■ **ABOUT THIS EXERCISE**
Reproduce every line of the data, exactly and without its pictures.

■ **INPUT DATA**
%%

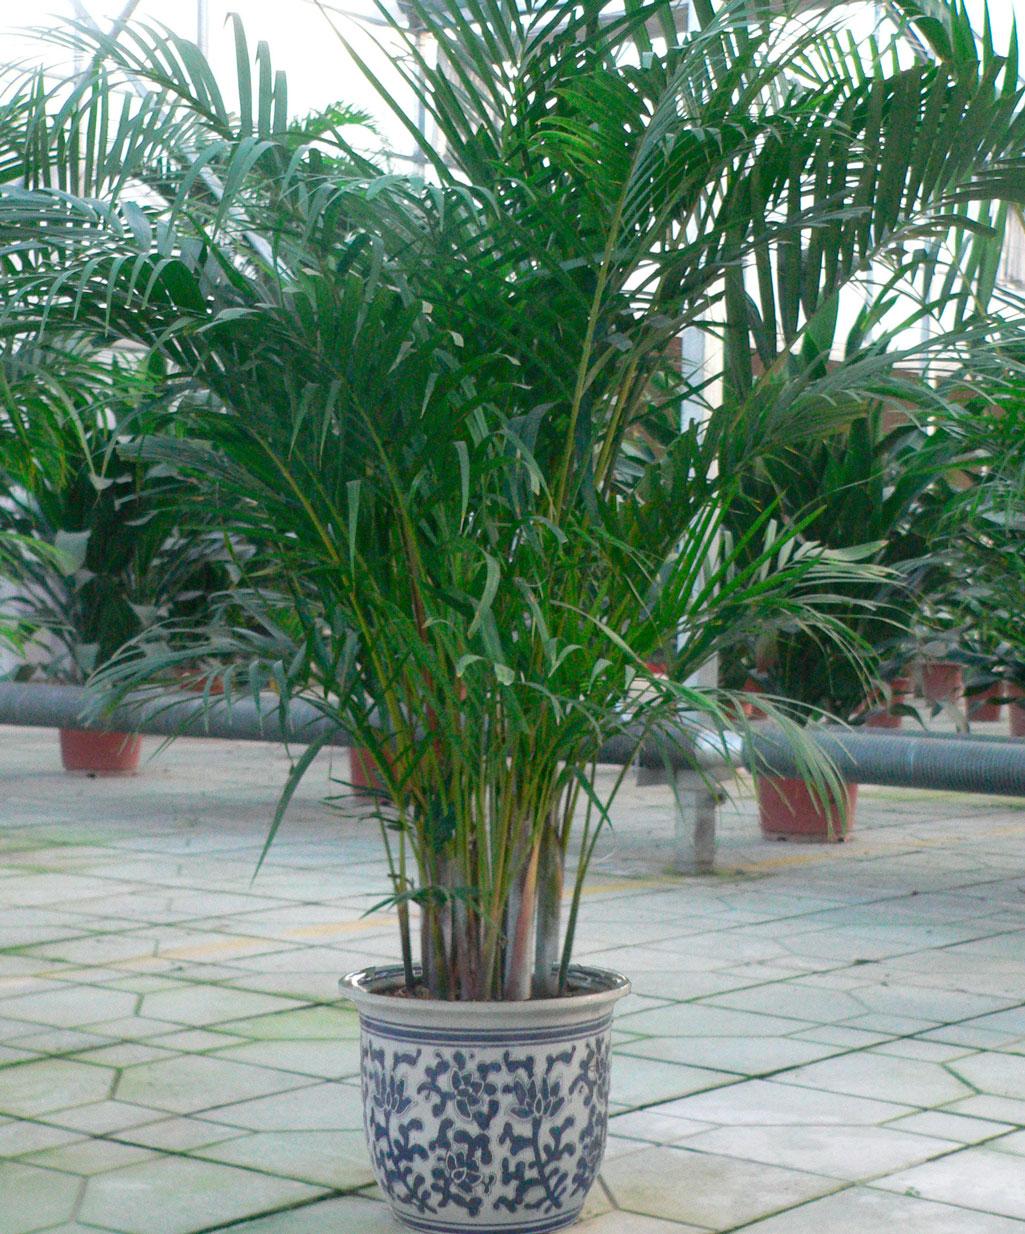 Домашние цветы виде пальмы
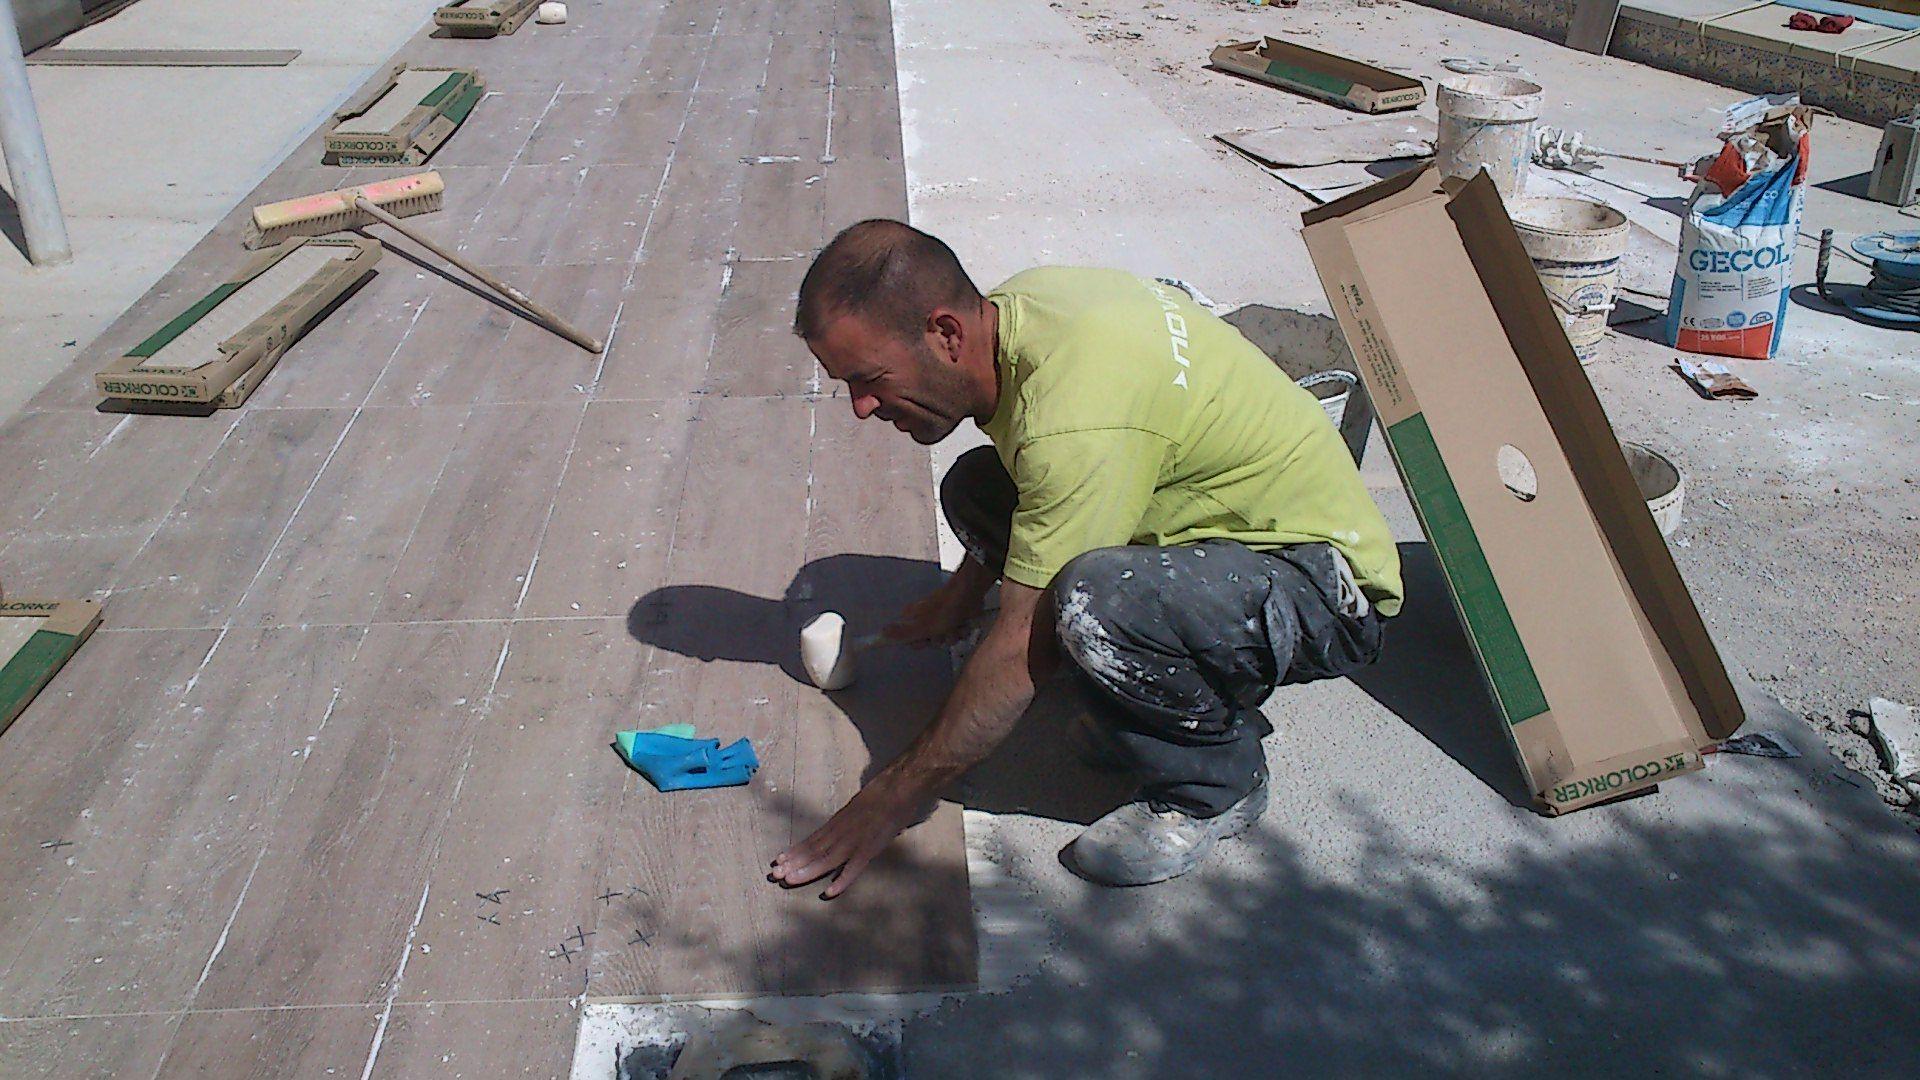 Gres porcel nico todo lo que hay que saber antes de comprarlo suelo exterior chalet gres - Limpieza suelo porcelanico ...
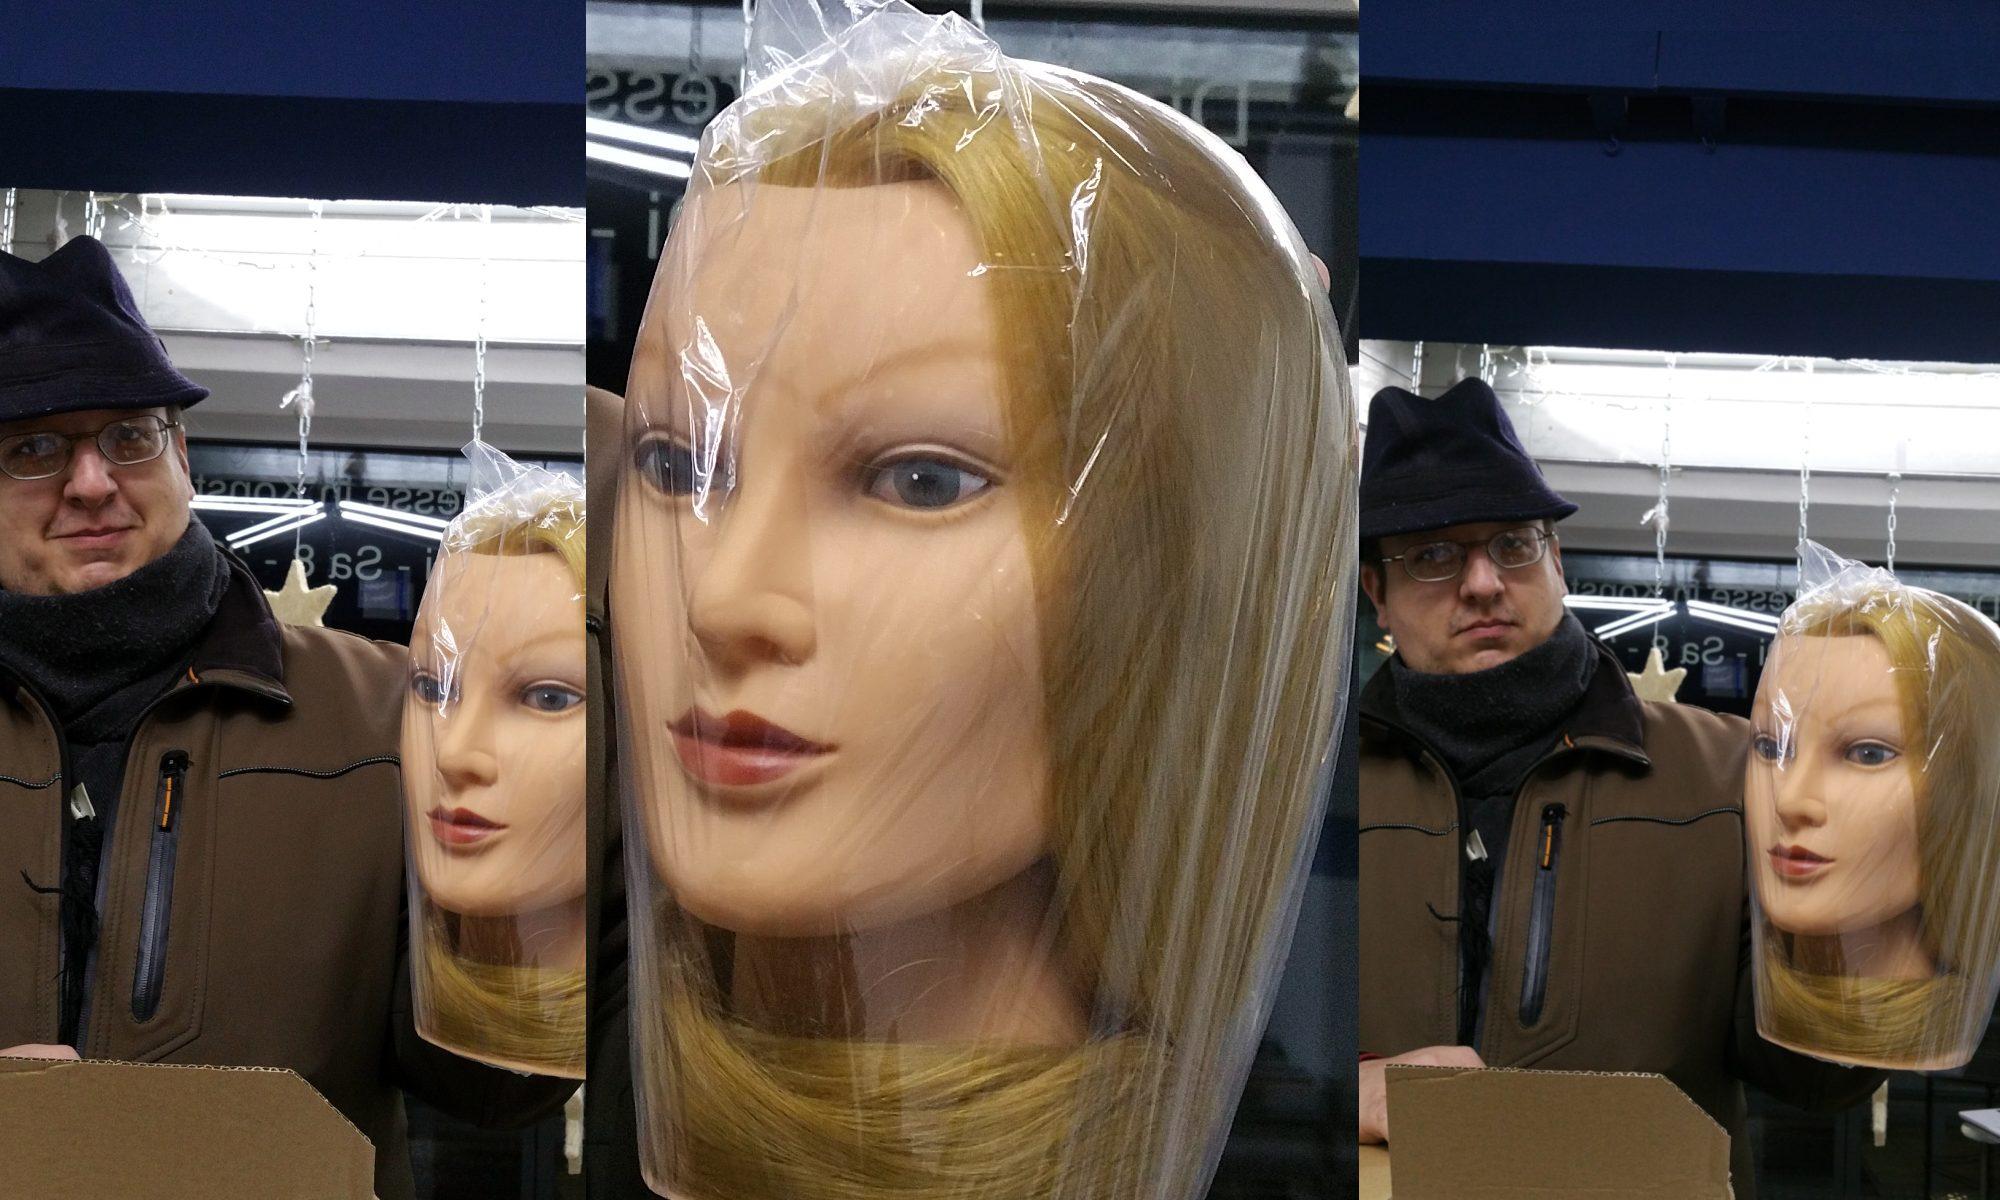 ...nur ein Kopf... Kopflos? Körperlos? Kunden und ihre Päckli - miradlo Versanddepot
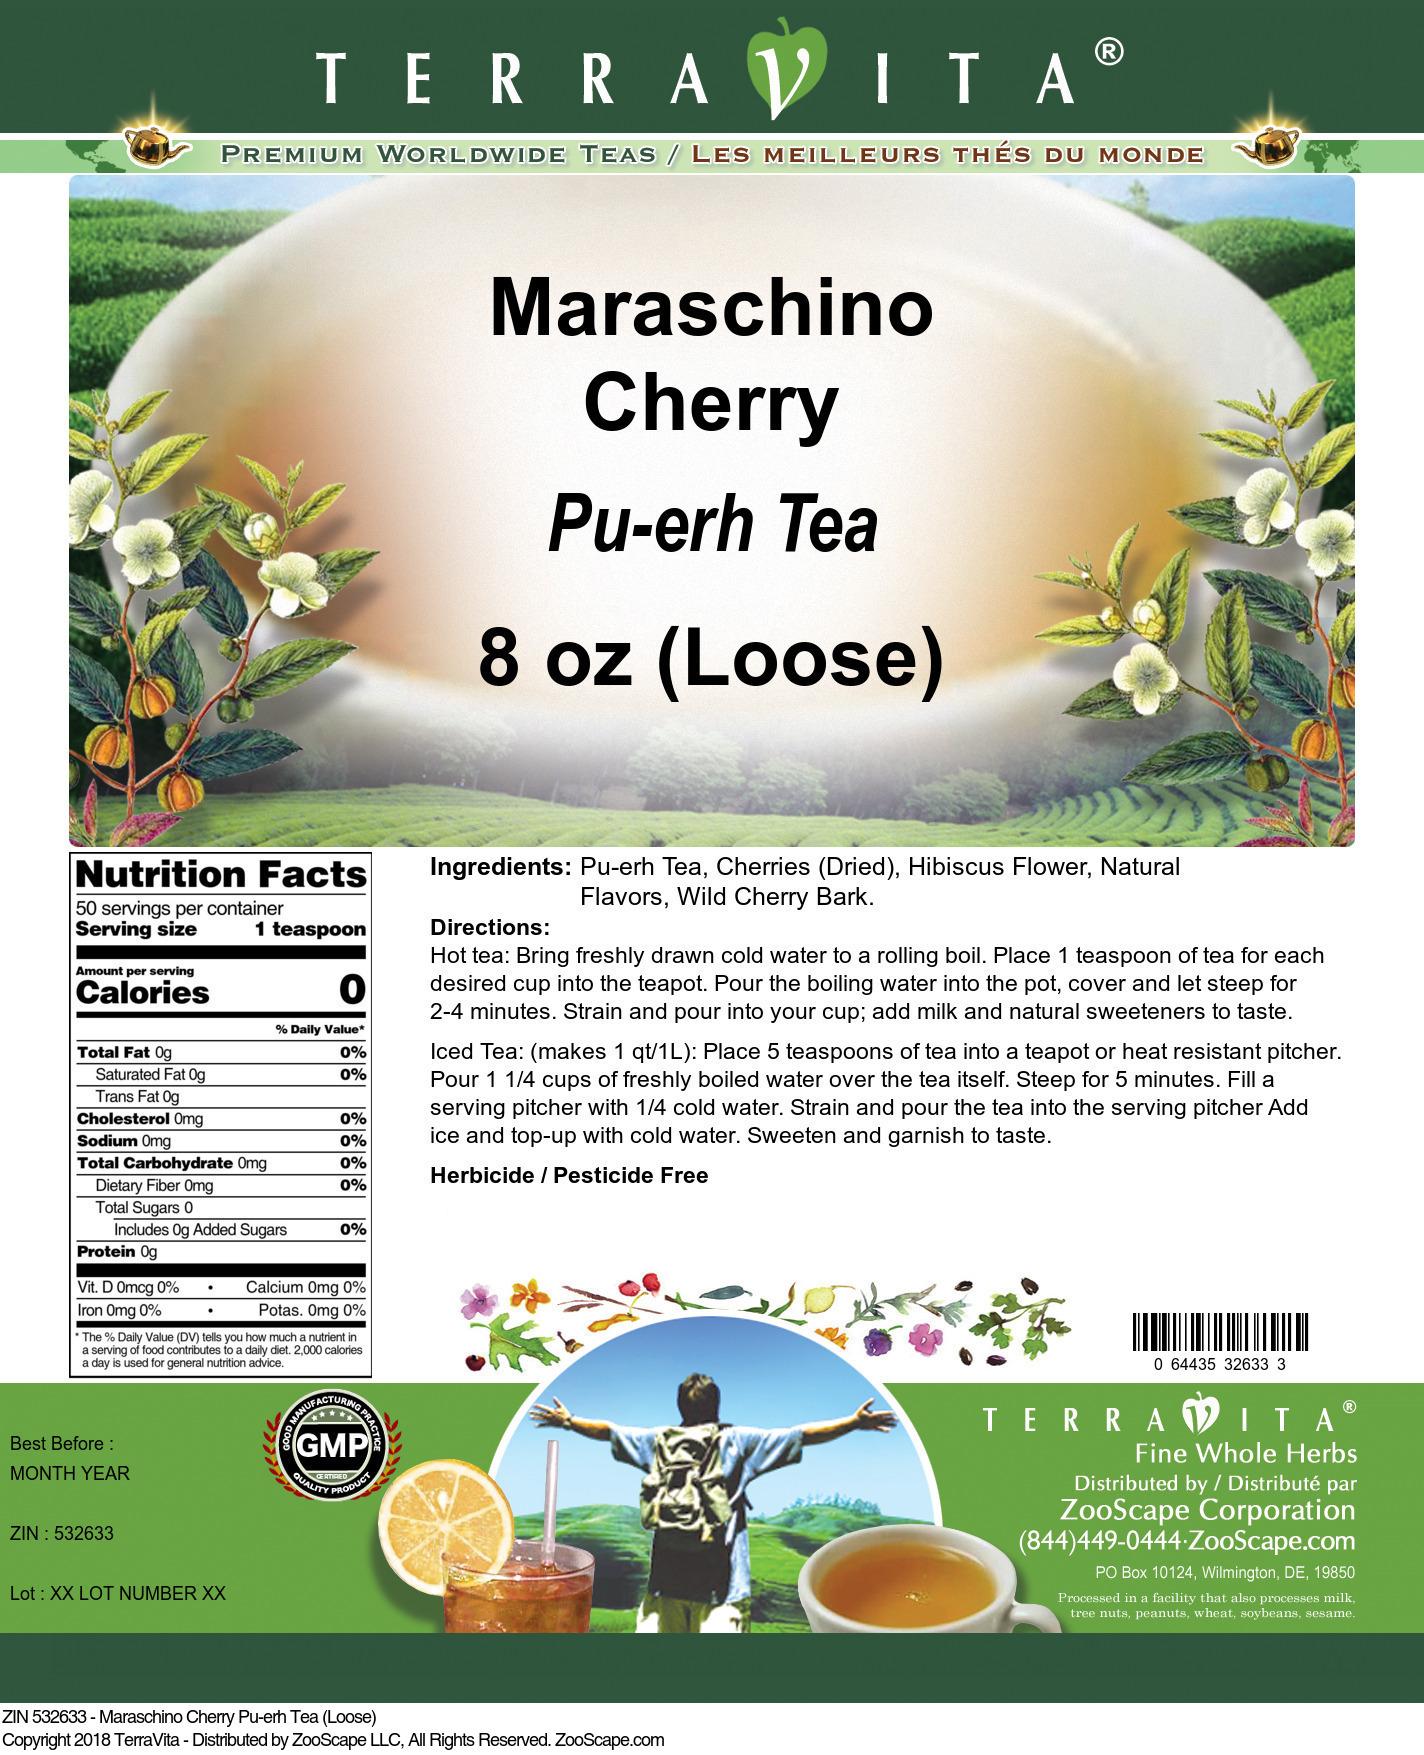 Maraschino Cherry Pu-erh Tea

%%

■ **WRITTEN ANSWER**
 Домашние цветы виде пальмы
 Gres porcel nico todo lo que hay que saber antes de comprarlo suelo exterior chalet gres - Limpieza suelo porcelanico ...
 ...nur ein Kopf... Kopflos? Körperlos? Kunden und ihre Päckli - miradlo Versanddepot
 Maraschino Cherry Pu-erh Tea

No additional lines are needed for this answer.